Records from a data collection:

_____

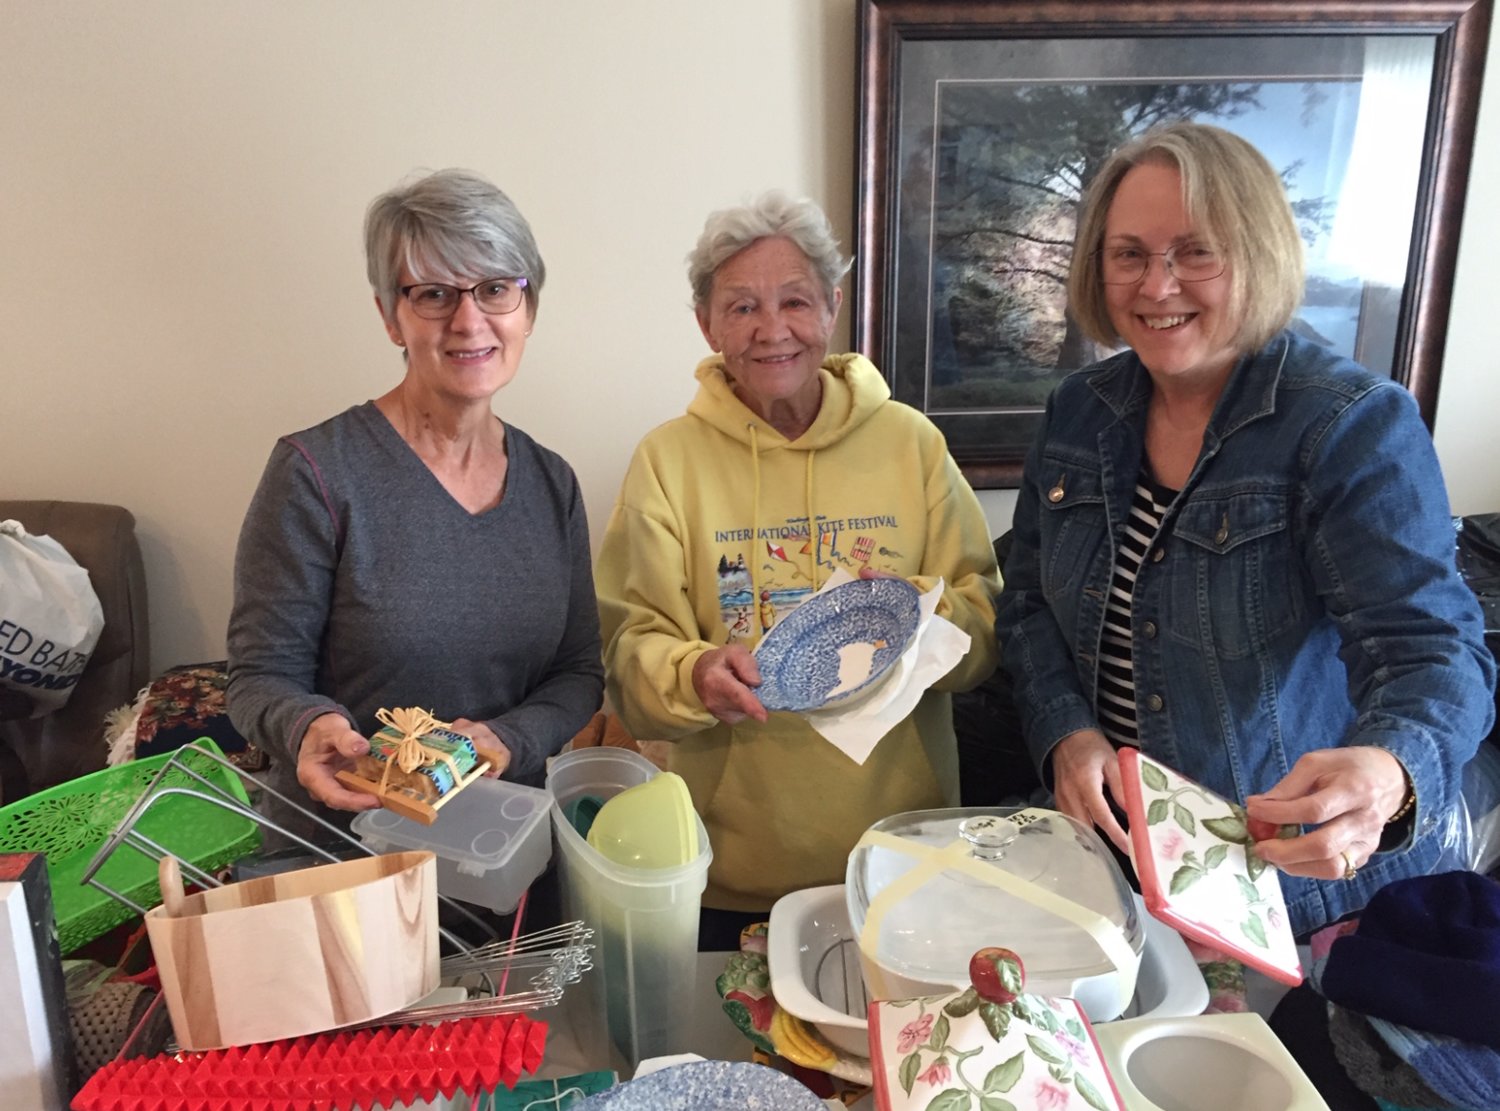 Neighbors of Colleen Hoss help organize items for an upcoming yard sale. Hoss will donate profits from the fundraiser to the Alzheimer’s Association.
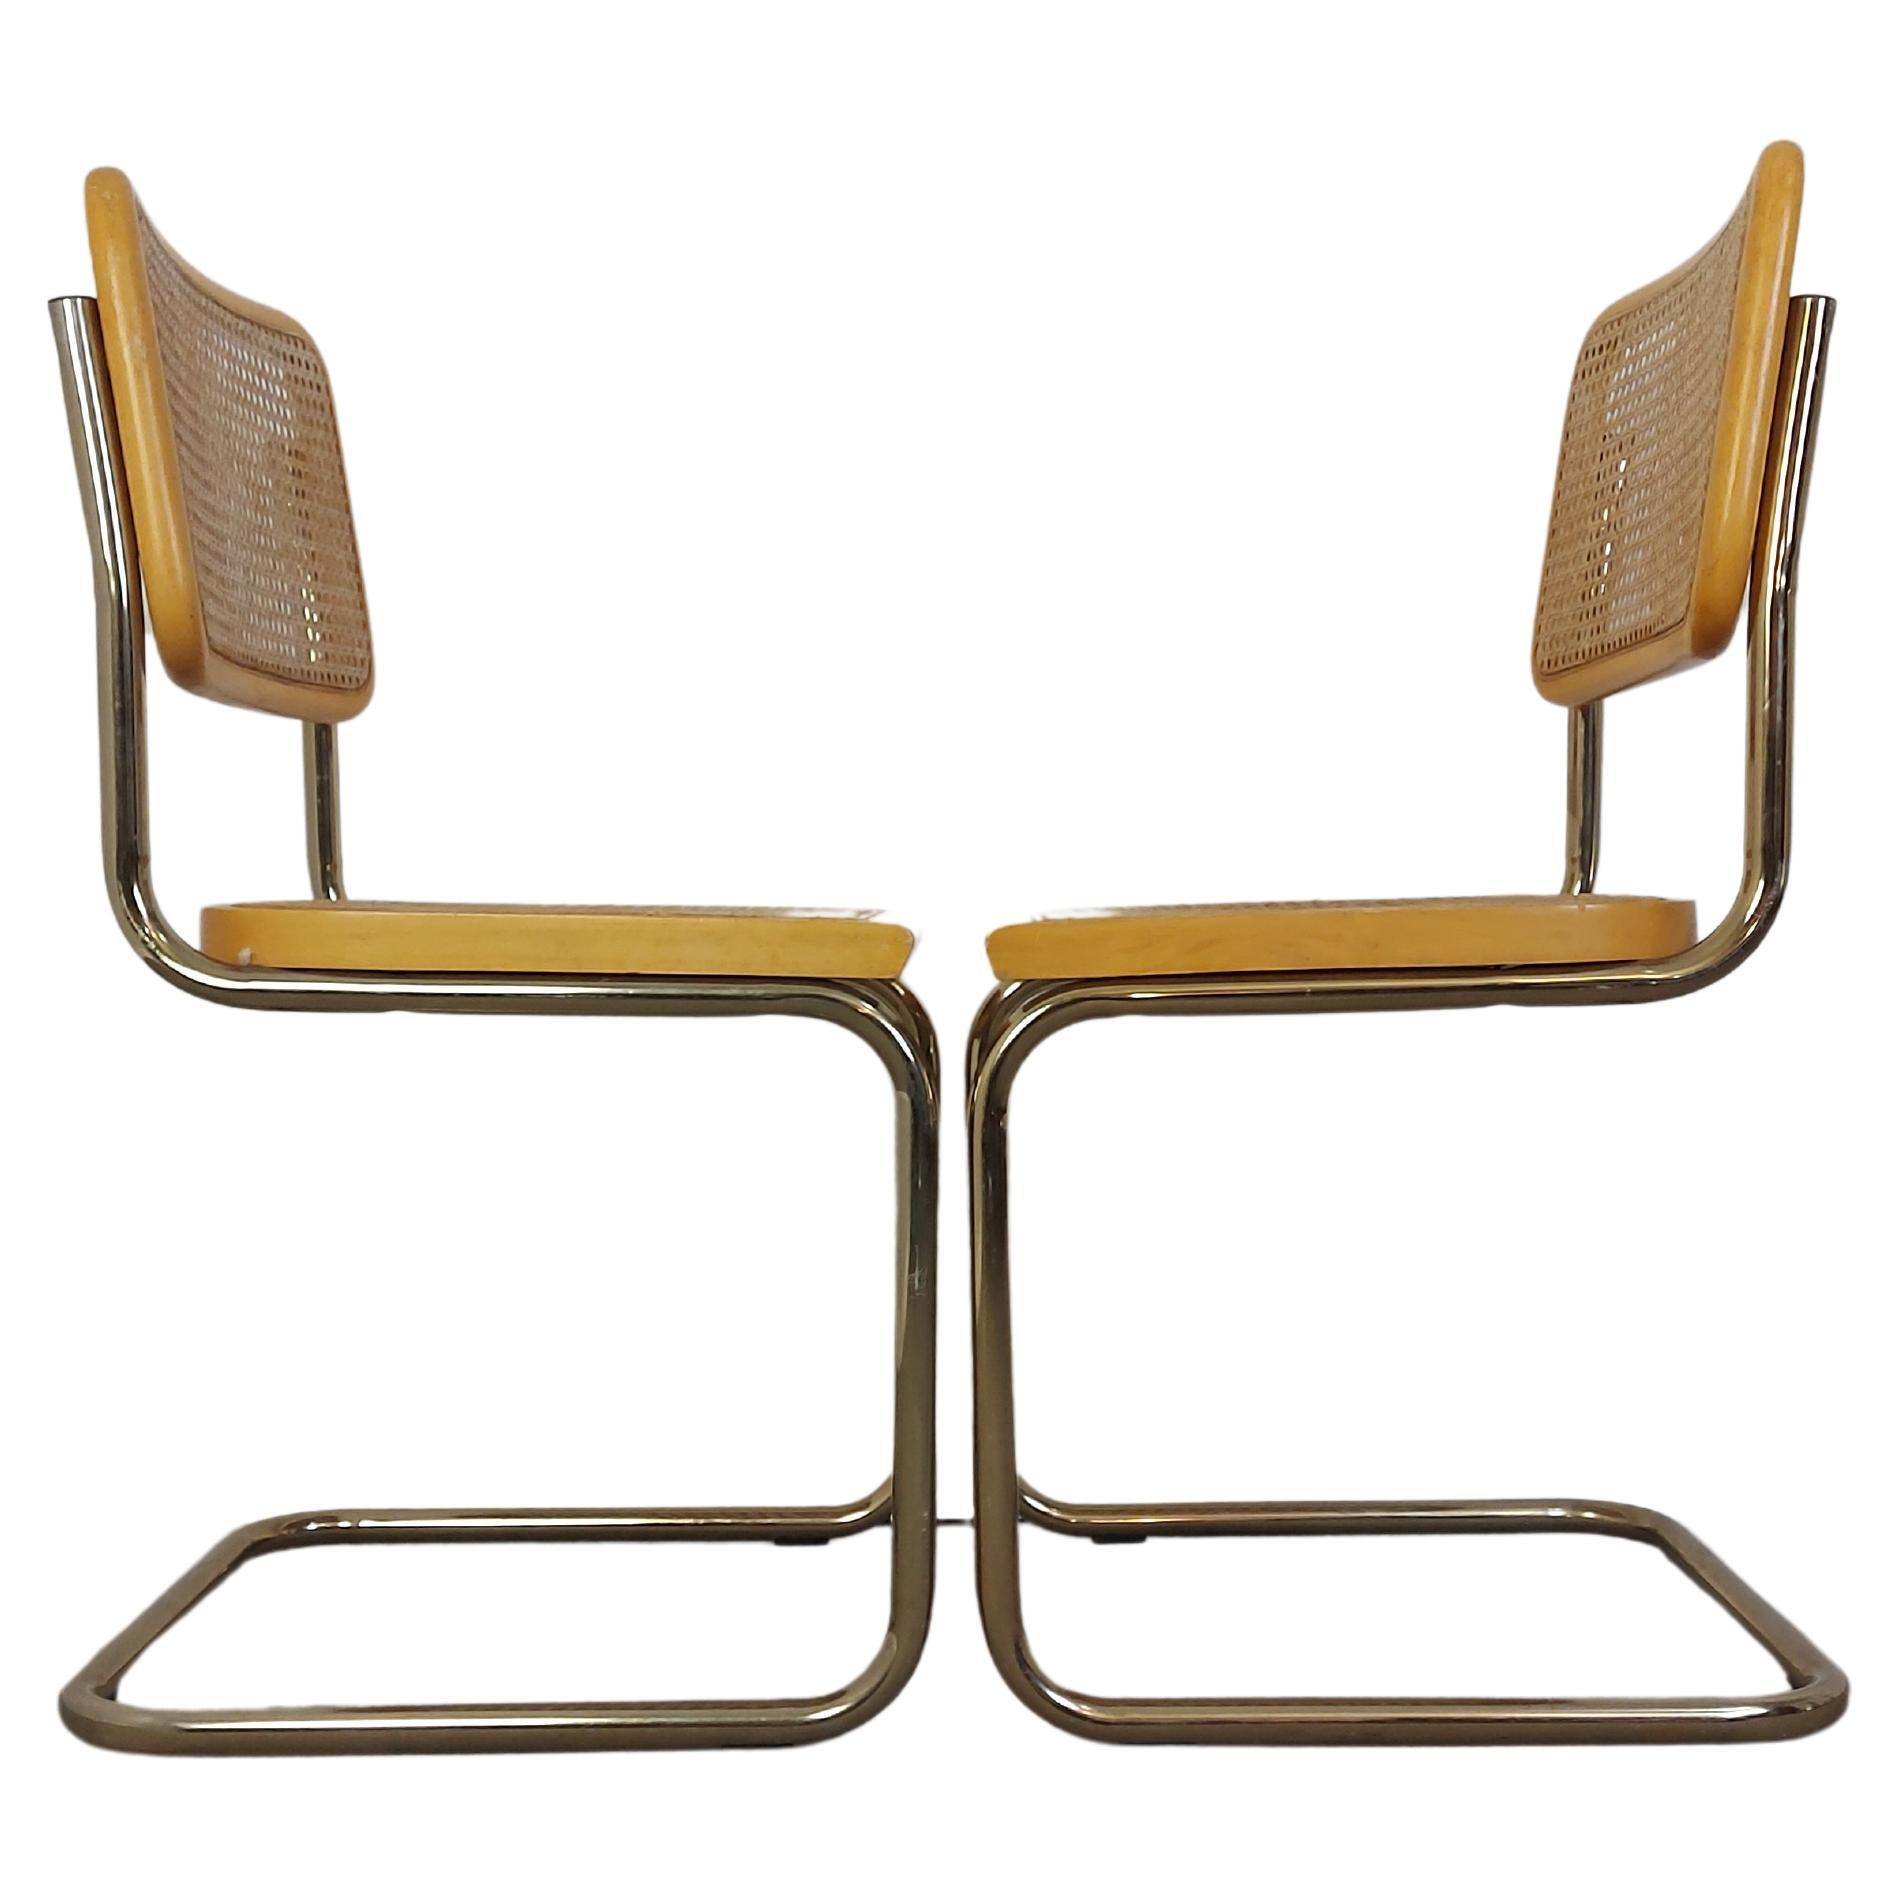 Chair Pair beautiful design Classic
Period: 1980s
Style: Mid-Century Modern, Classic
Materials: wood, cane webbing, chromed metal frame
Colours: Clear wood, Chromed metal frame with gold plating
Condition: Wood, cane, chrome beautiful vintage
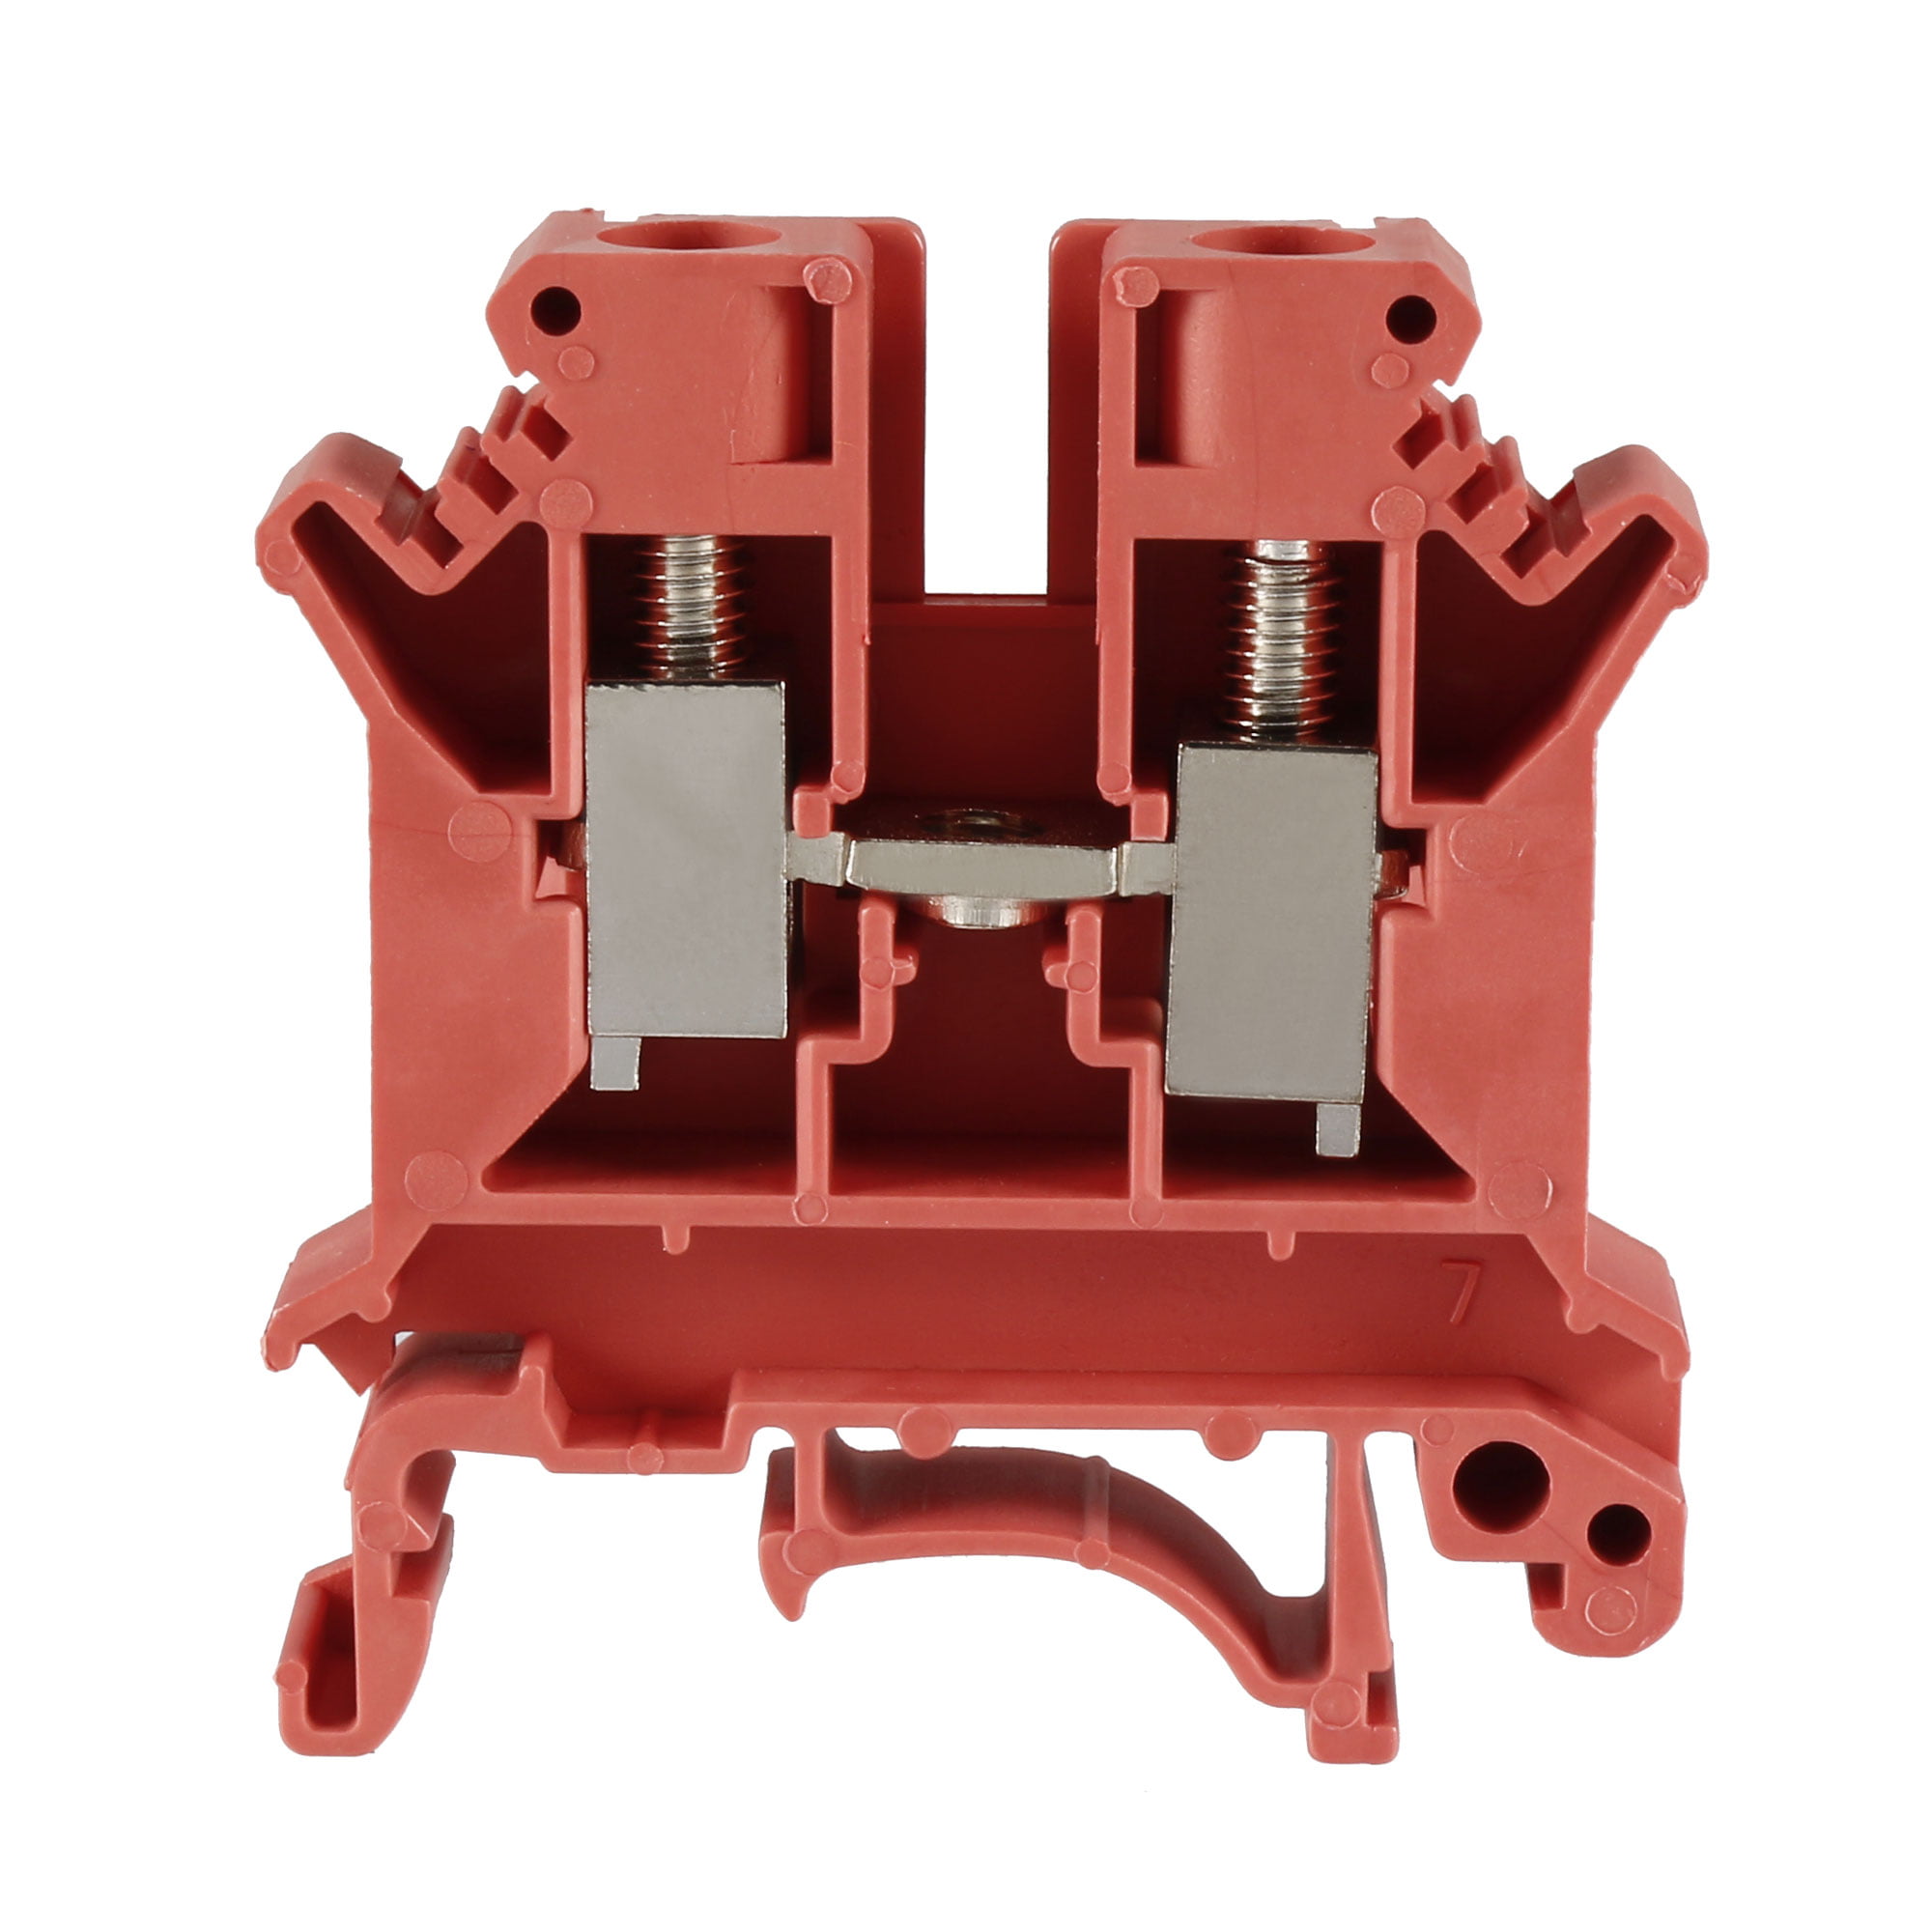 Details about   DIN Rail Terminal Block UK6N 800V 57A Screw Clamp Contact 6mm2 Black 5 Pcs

_____

Task to carry out:
Once the pictures are removed, reproduce the remaining entries above exactly.

Solved exercise:
 Neighbors of Colleen Hoss help organize items for an upcoming yard sale. Hoss will donate profits from the fundraiser to the Alzheimer’s Association.
 Chair Pair beautiful design Classic
Period: 1980s
Style: Mid-Century Modern, Classic
Materials: wood, cane webbing, chromed metal frame
Colours: Clear wood, Chromed metal frame with gold plating
Condition: Wood, cane, chrome beautiful vintage
 Details about   DIN Rail Terminal Block UK6N 800V 57A Screw Clamp Contact 6mm2 Black 5 Pcs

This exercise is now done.